I'm currently on octodon.social (largely because mastodon.social was full when
I first joined), but I've been thinking of creating a personal instance to
play around with things that I don't necessarily want to clutter another local
timeline with.

------
cjslep
I typically follow people I've had a number of meaningful conversations with.

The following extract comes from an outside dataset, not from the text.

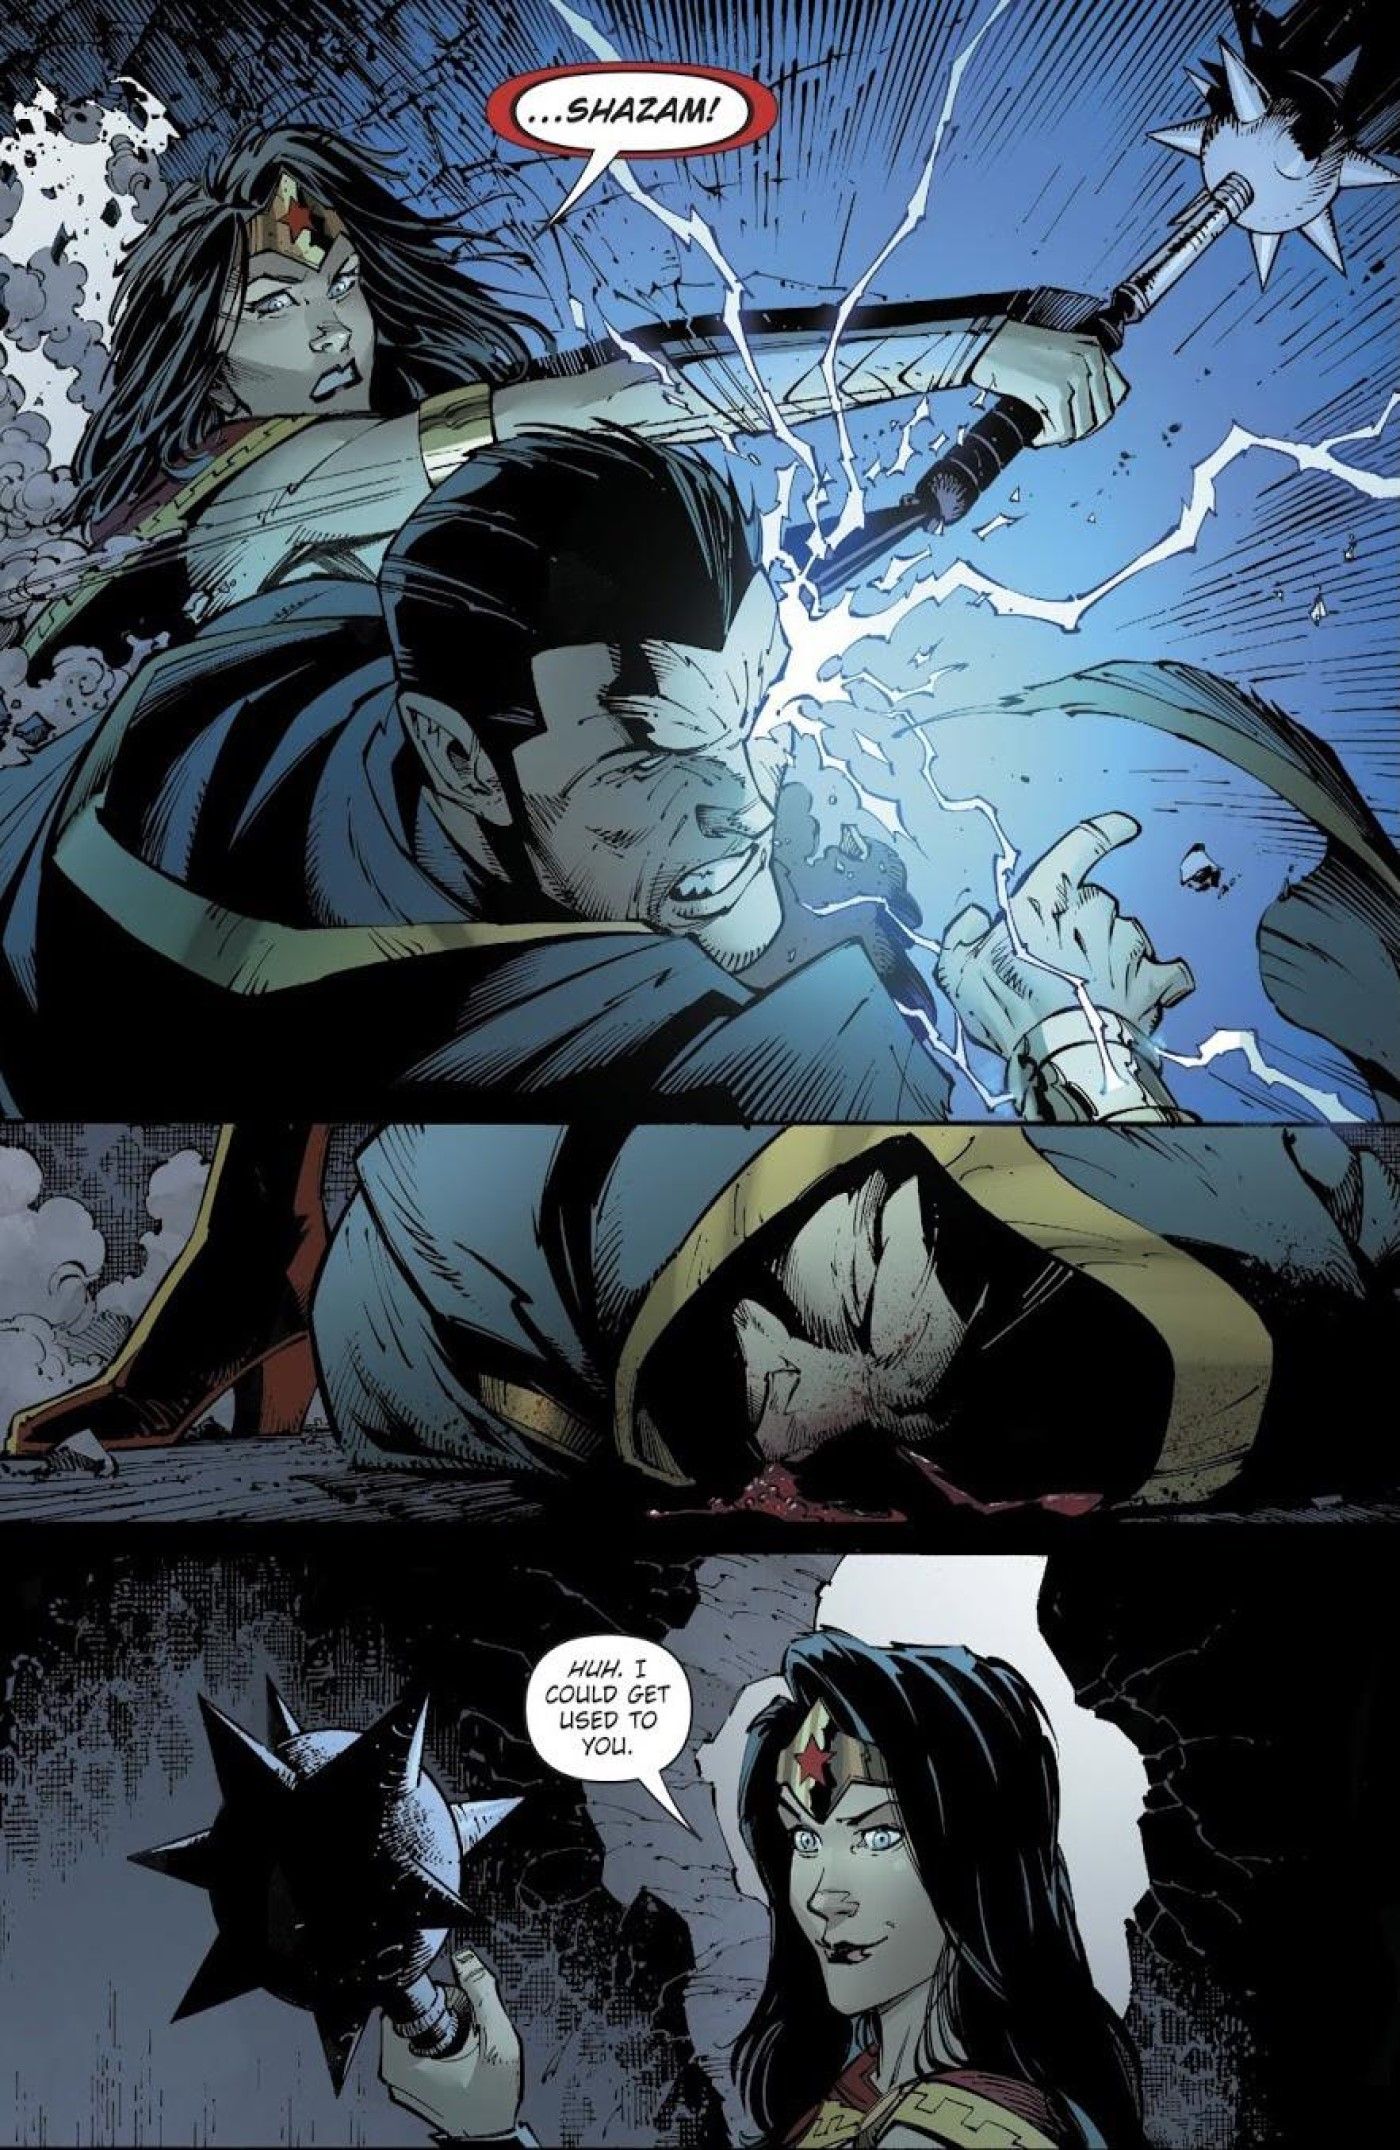 Mulher Maravilha derrota Black Adam com Hawkman's Mace.

If looking for techies, they're scattered across several instances. The
i.write.codethat.sucks instance I am on I think is on the smaller side.

------
jordigh
I'm nobody important, but I really am loving the atmosphere in Mastodon. I'm
@JordiGH@mathstodon.xyz

Come say hi! :-)

------
iuguy
Some of my faves:

* djsundog@toot-lab.reclaim.technology

* qrs@mastodon.social

* cypnk@mastodon.social

* mulander@bsd.network

* jk@mastodon.social

* tinker@infosec.exchange

In case anyone's vaguely interested I can be reached at
stevelord@mastodon.social. I mostly post about hardware hacking and
conferences.

------
enkiv2
I wrote a bot that provides randomized follow suggestions (from its follower
list) --
[https://botsin.space/@FollowFriday](https://botsin.space/@FollowFriday)

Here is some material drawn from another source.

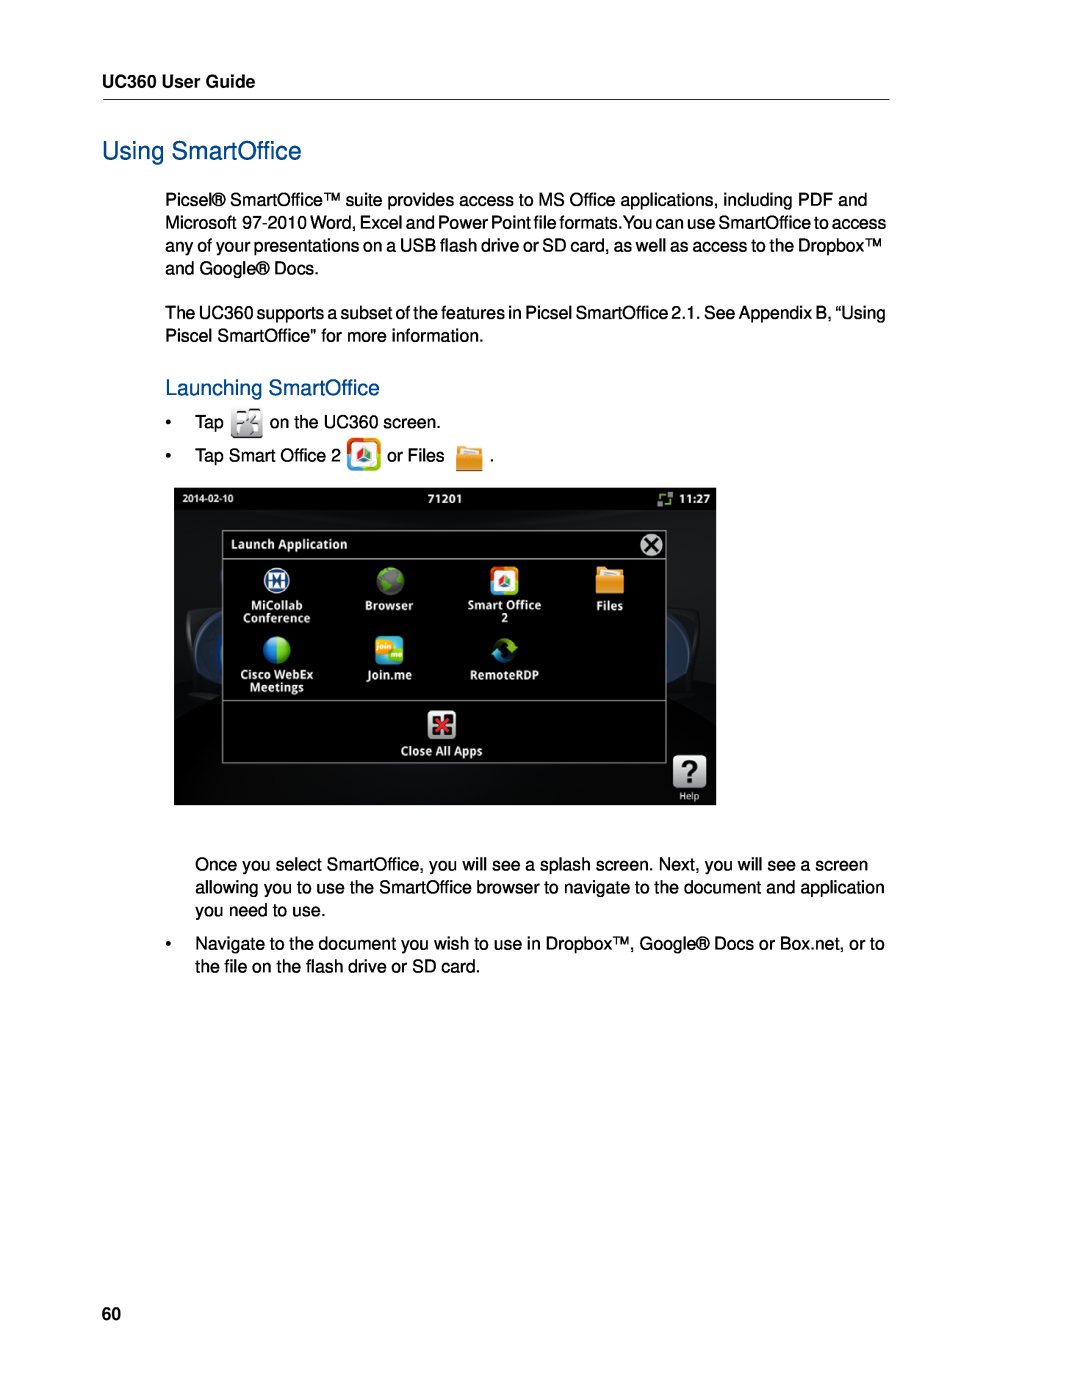 Mitel UC360 manual Using SmartOffice, Launching SmartOffice

As for interesting _people_ to follow (biased in favor of people who post
interesting technical content) I recommend
[https://mastodon.social/@natecull](https://mastodon.social/@natecull),
[https://cybre.space/@a_breakin_glass](https://cybre.space/@a_breakin_glass),
[https://mastodon.social/@hisham_hm](https://mastodon.social/@hisham_hm),
[https://mastodon.social/@tomharris](https://mastodon.social/@tomharris), and
[https://hackers.town/@thegibson](https://hackers.town/@thegibson)

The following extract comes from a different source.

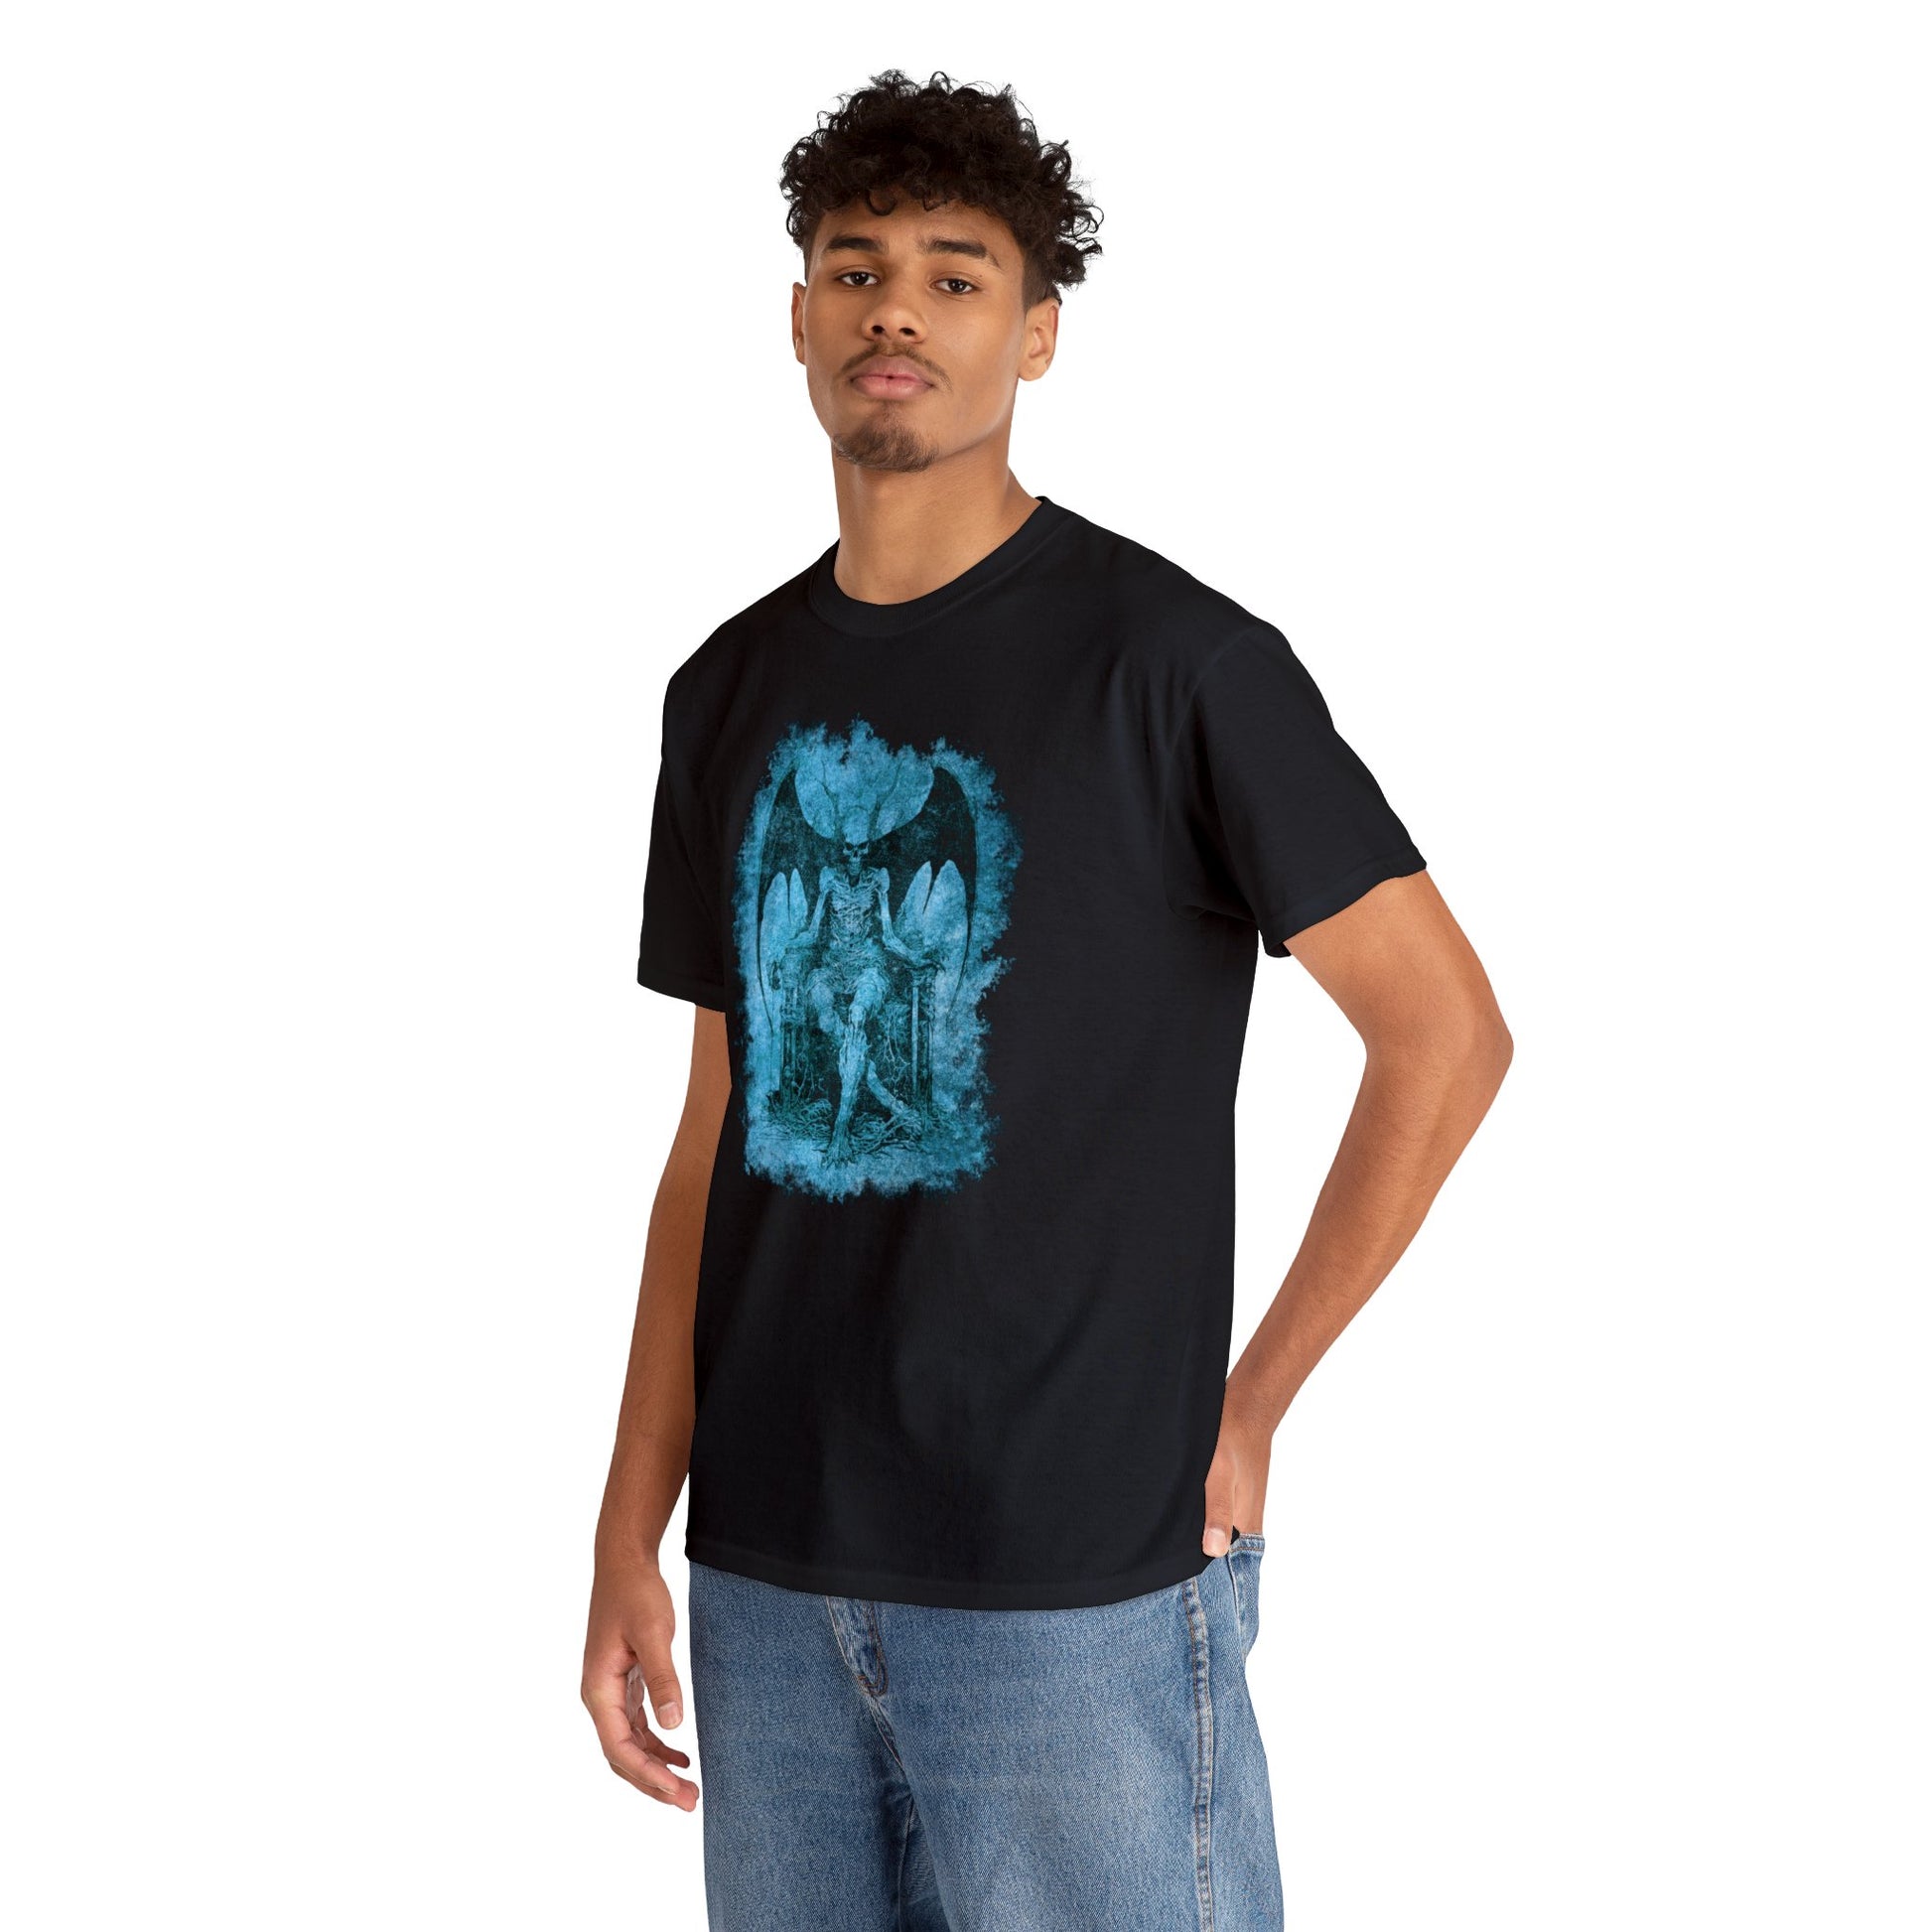 Unisex T-shirt Devil on his Throne in Blue - Frogos Design

I'm at [https://a.weirder.earth/@enkiv2](https://a.weirder.earth/@enkiv2) at
the moment.

------
hakabahitoyo
[http://mastodonusermatching.tk](http://mastodonusermatching.tk) recommends
infinite users for you.

------
dielan
I typically just shout into the void and follow most people who engage with my
posts. Its a big network out there

------
ColinWright
I'll be following up on several of these recommendations. In the meantime, I
can be found here:

[https://mathstodon.xyz/@ColinTheMathmo](https://mathstodon.xyz/@ColinTheMathmo)

------
Uhhrrr
Just Mastodon, or anything in the fediverse?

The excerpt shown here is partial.